The Kelly Criterion is a mathematical formula for determining the optimal fraction of your bankroll to bet on any wager where you have a positive edge. Developed by John L. Kelly Jr. in 1956, it maximises the long-term growth rate of your bankroll. The formula is: f* = (bp − q) ÷ b, where b = decimal odds minus 1, p = probability of winning, and q = probability of losing (1 − p).
Why use fractional Kelly instead of full Kelly?
Full Kelly bets can cause very large drawdowns during normal variance, even when your edge estimate is correct. A half Kelly (50% of full Kelly) reduces drawdowns by approximately 75% while sacrificing only 25% of expected growth rate. Quarter Kelly (25%) is even more conservative and is recommended when your edge estimate is uncertain. Most professional bettors use 25–50% Kelly.
What happens if my edge estimate is wrong?
If you overestimate your win probability, Kelly will recommend bets that are too large, which can cause catastrophic losses. This is called estimation risk. Using fractional Kelly (25–50%) provides a safety buffer against edge overestimation. The Kelly Criterion assumes your probability estimate is accurate — always be conservative with your edge estimates.
What does a negative Kelly fraction mean?
A negative Kelly fraction (f* < 0) means you have no positive edge on the bet — the bet has negative expected value. The Kelly Criterion mathematically recommends not betting at all in this situation. This occurs whenever the bookmaker's implied probability exceeds your estimated true win probability.

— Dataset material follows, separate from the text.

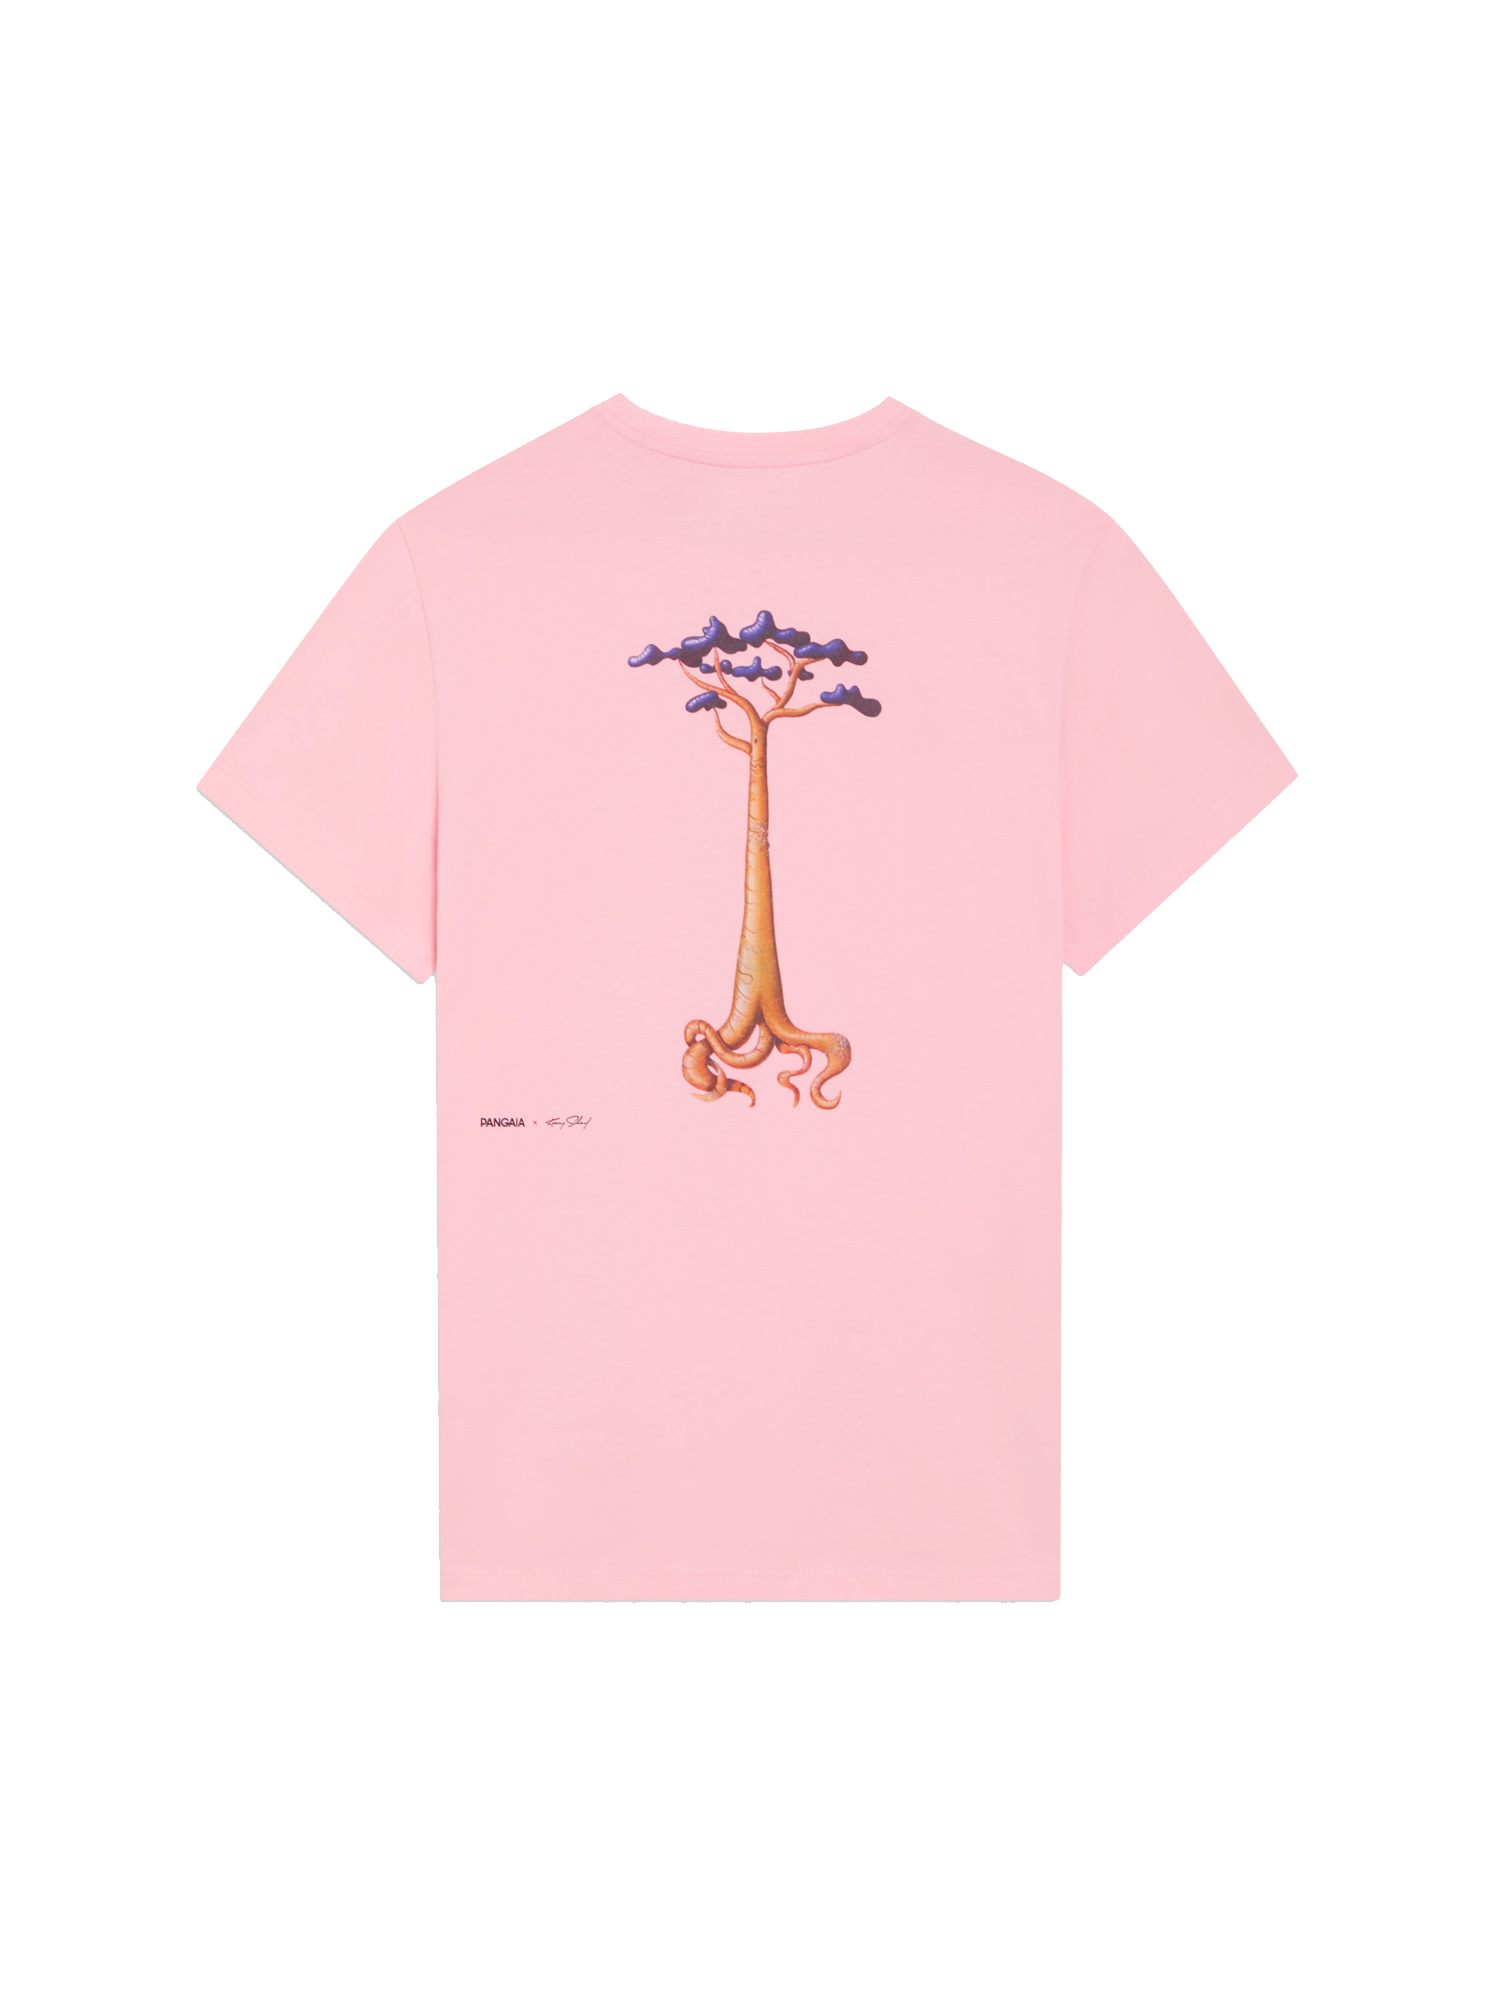 PANGAIA x Kenny Scharf Organic Cotton T-shirt - Swamp Style—sakura pink-packshot-3

Can Kelly Criterion be used for matched betting or exchange trading?
The Kelly Criterion is most useful for pure value betting where you have a genuine probability edge over the market. It is less relevant for matched betting where returns are near-certain regardless of outcome. For exchange trading and value betting with a real edge, Kelly sizing is an excellent tool for managing bankroll growth while controlling drawdown risk.